[Records from a collection]
((

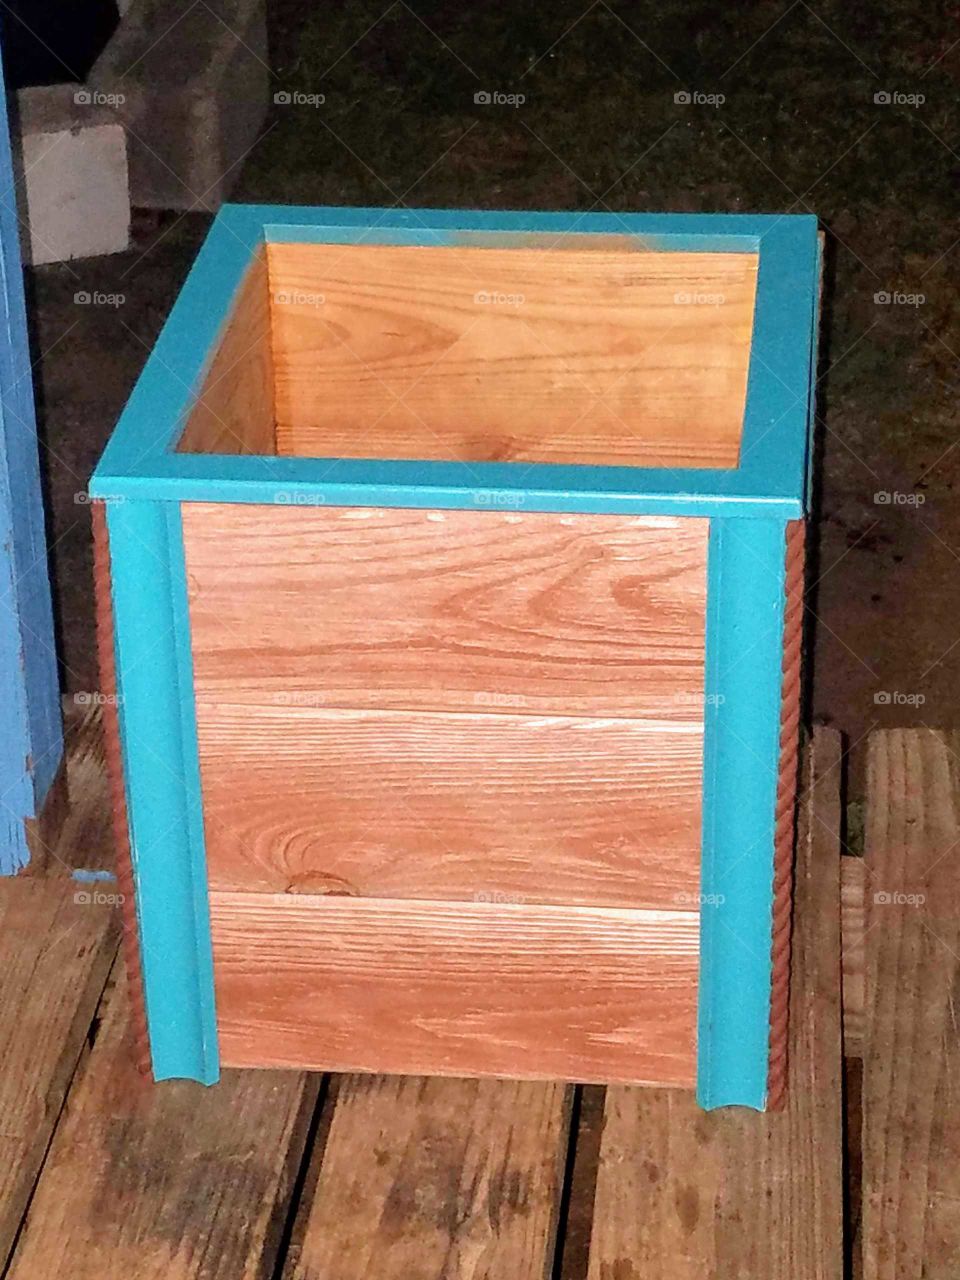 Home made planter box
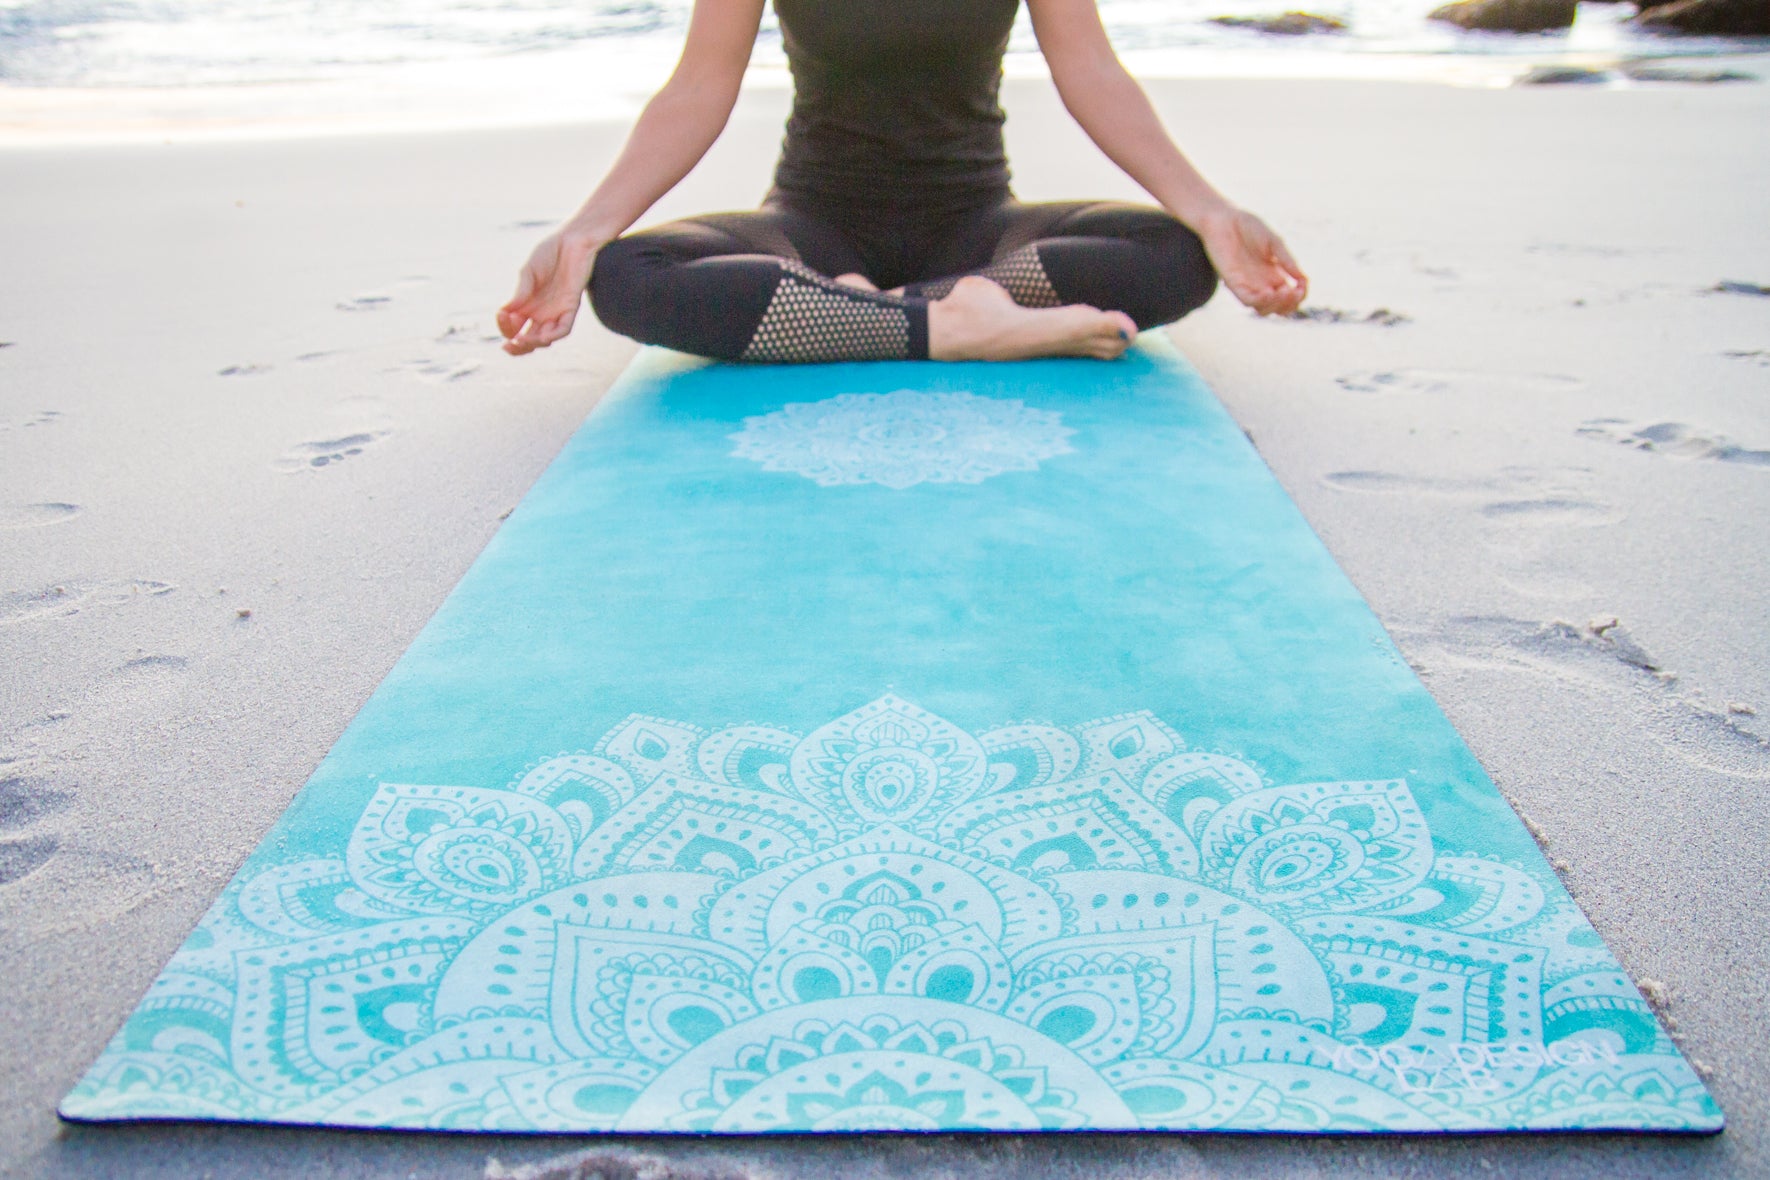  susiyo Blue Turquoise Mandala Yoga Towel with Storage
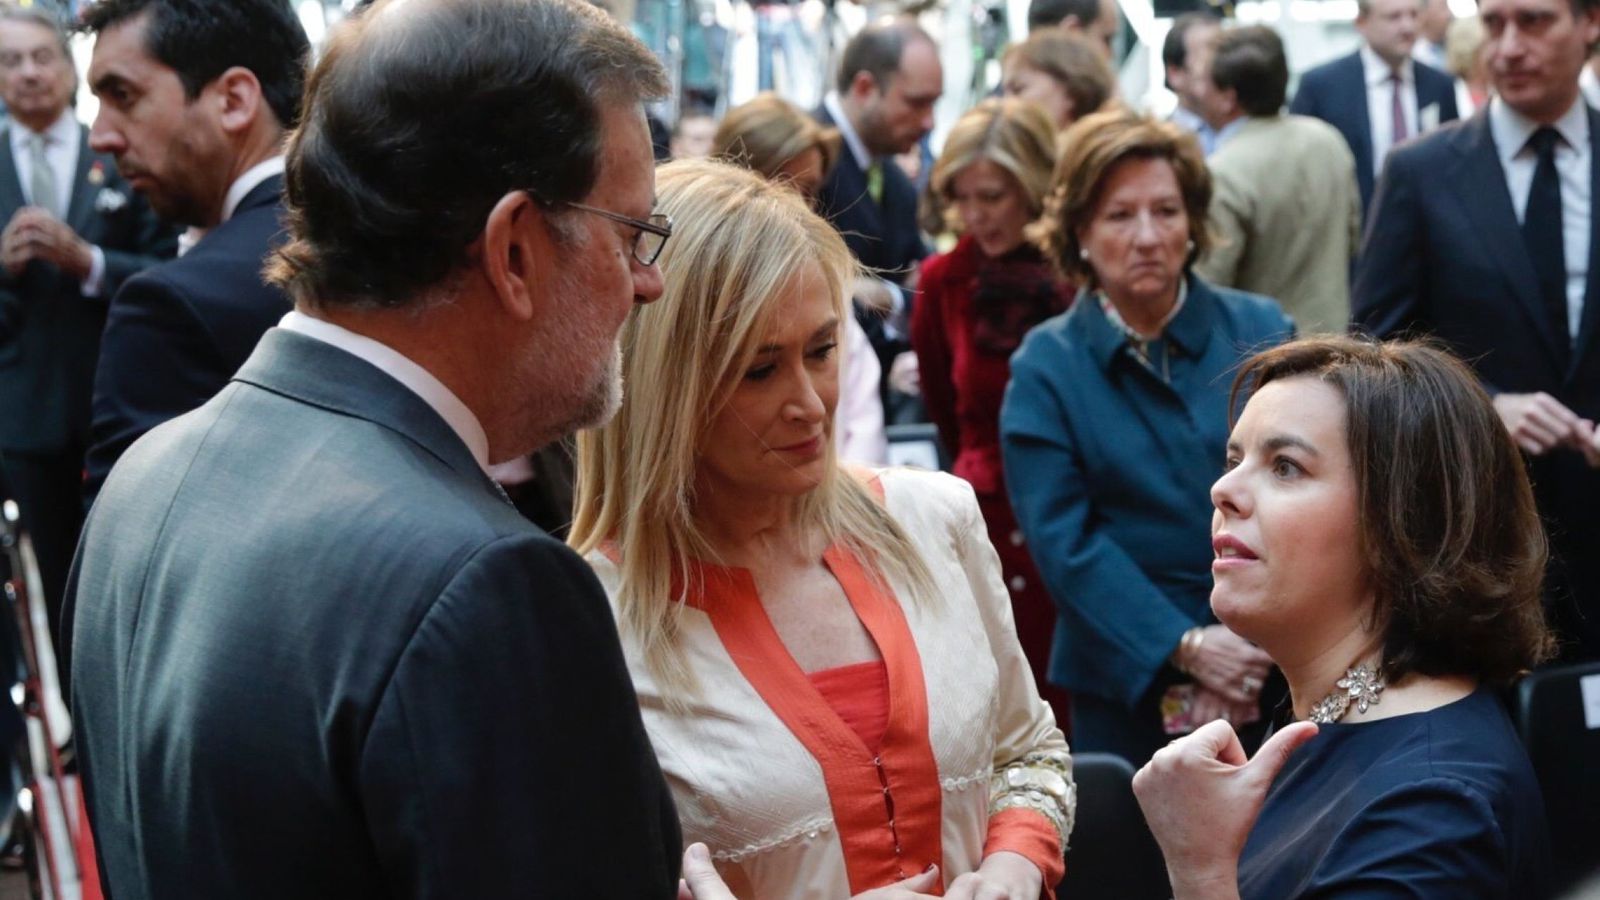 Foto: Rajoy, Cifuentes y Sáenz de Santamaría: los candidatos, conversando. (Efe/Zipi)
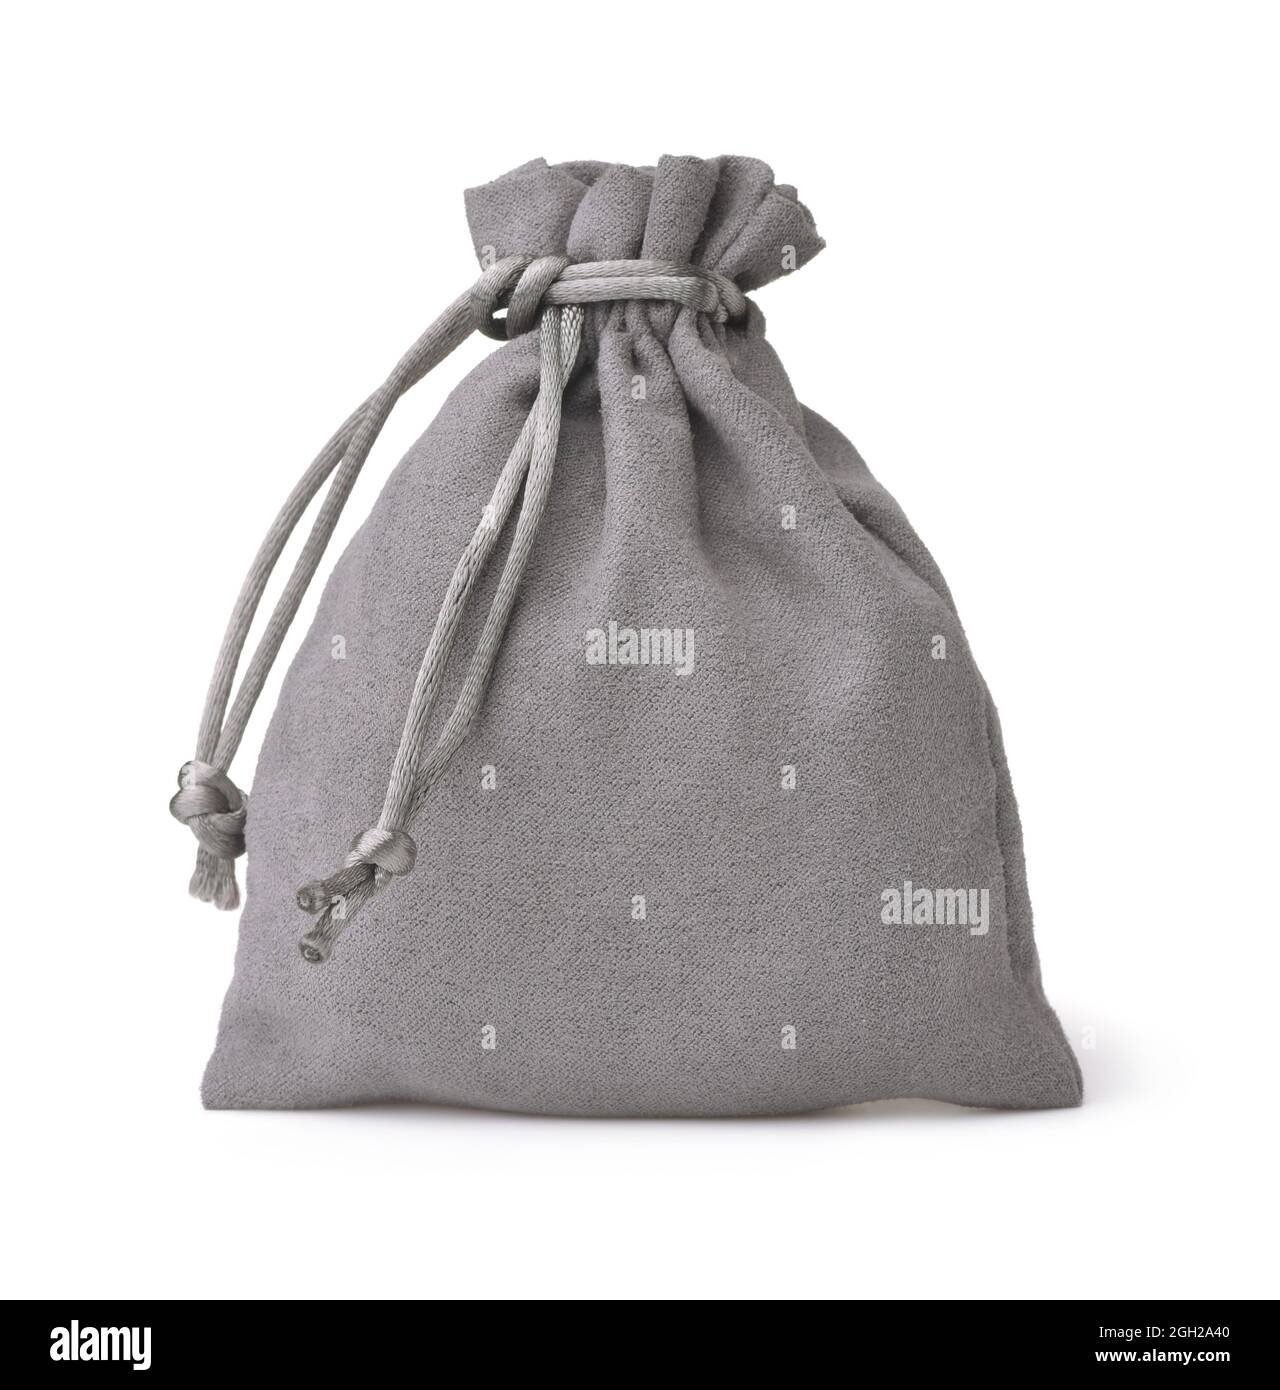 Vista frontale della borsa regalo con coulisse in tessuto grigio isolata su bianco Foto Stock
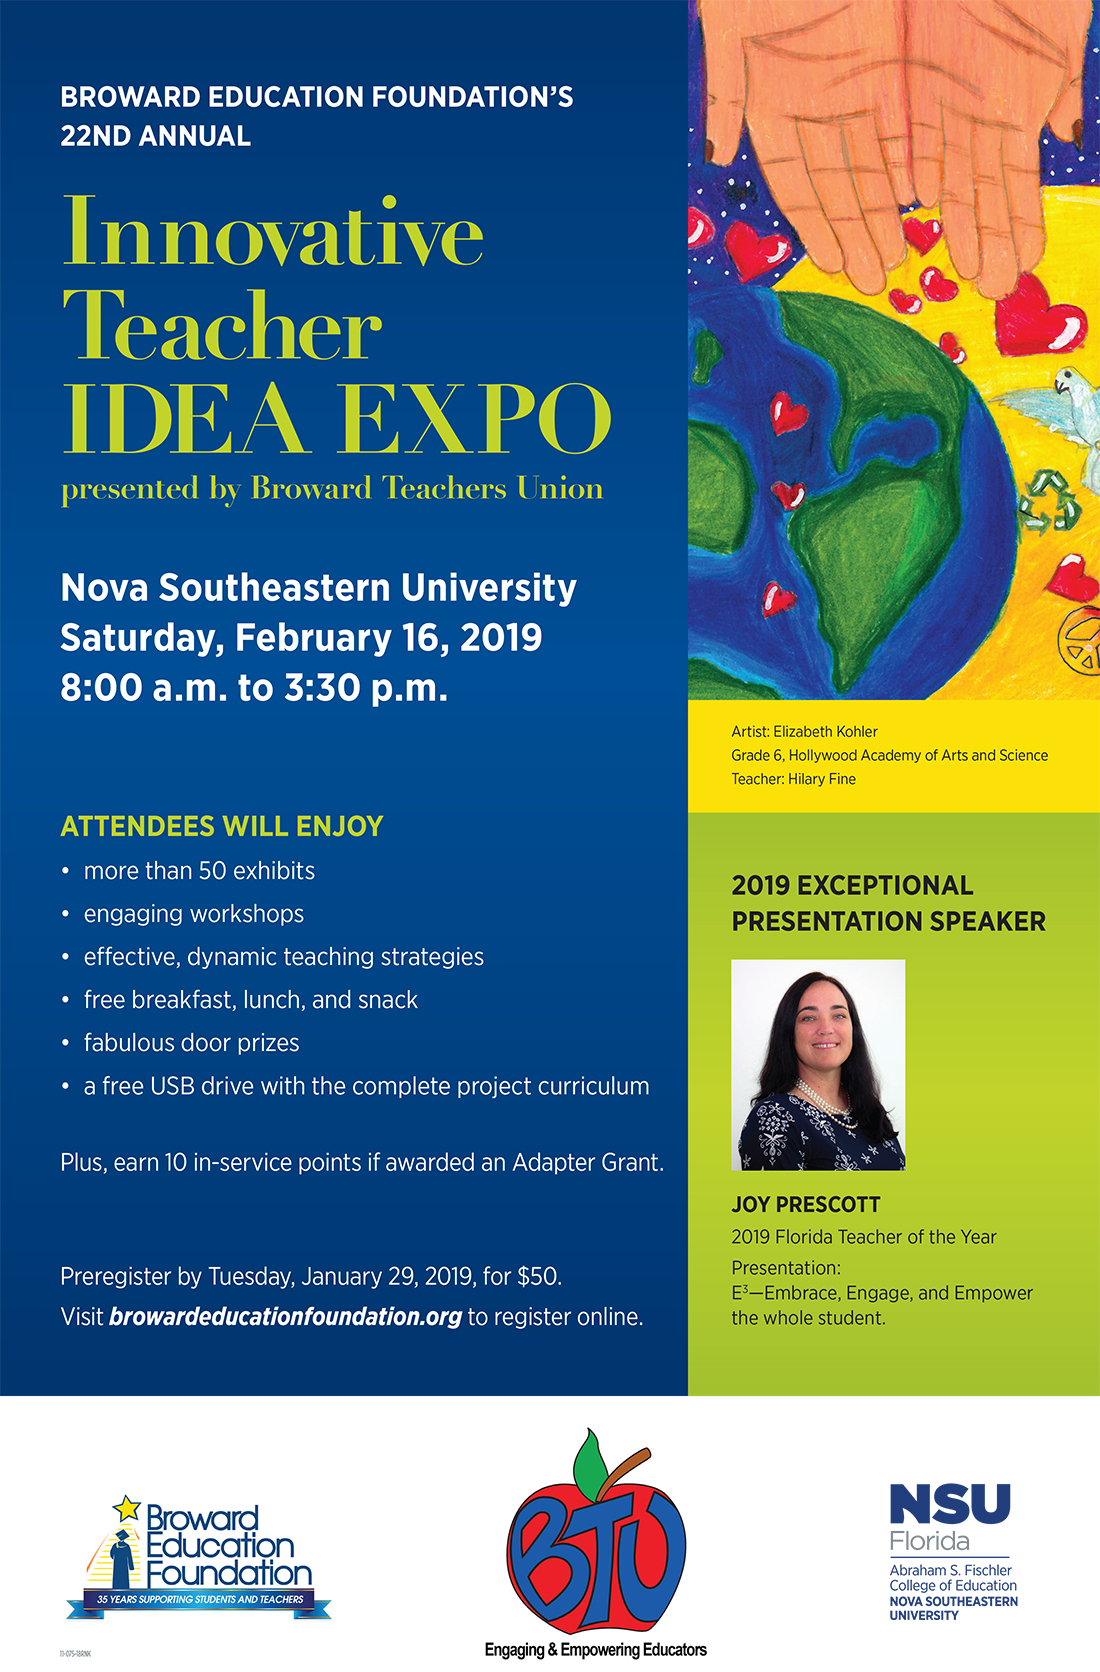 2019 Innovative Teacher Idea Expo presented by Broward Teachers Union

))

> Description of the task: Only the lines from the one holding "Foto: Rajoy, Cifuentes" through the end of the data are to be printed, exactly as they stand and with no pictures.

> Problem solution:
 Foto: Rajoy, Cifuentes y Sáenz de Santamaría: los candidatos, conversando. (Efe/Zipi)
 Vista frontale della borsa regalo con coulisse in tessuto grigio isolata su bianco Foto Stock
 2019 Innovative Teacher Idea Expo presented by Broward Teachers Union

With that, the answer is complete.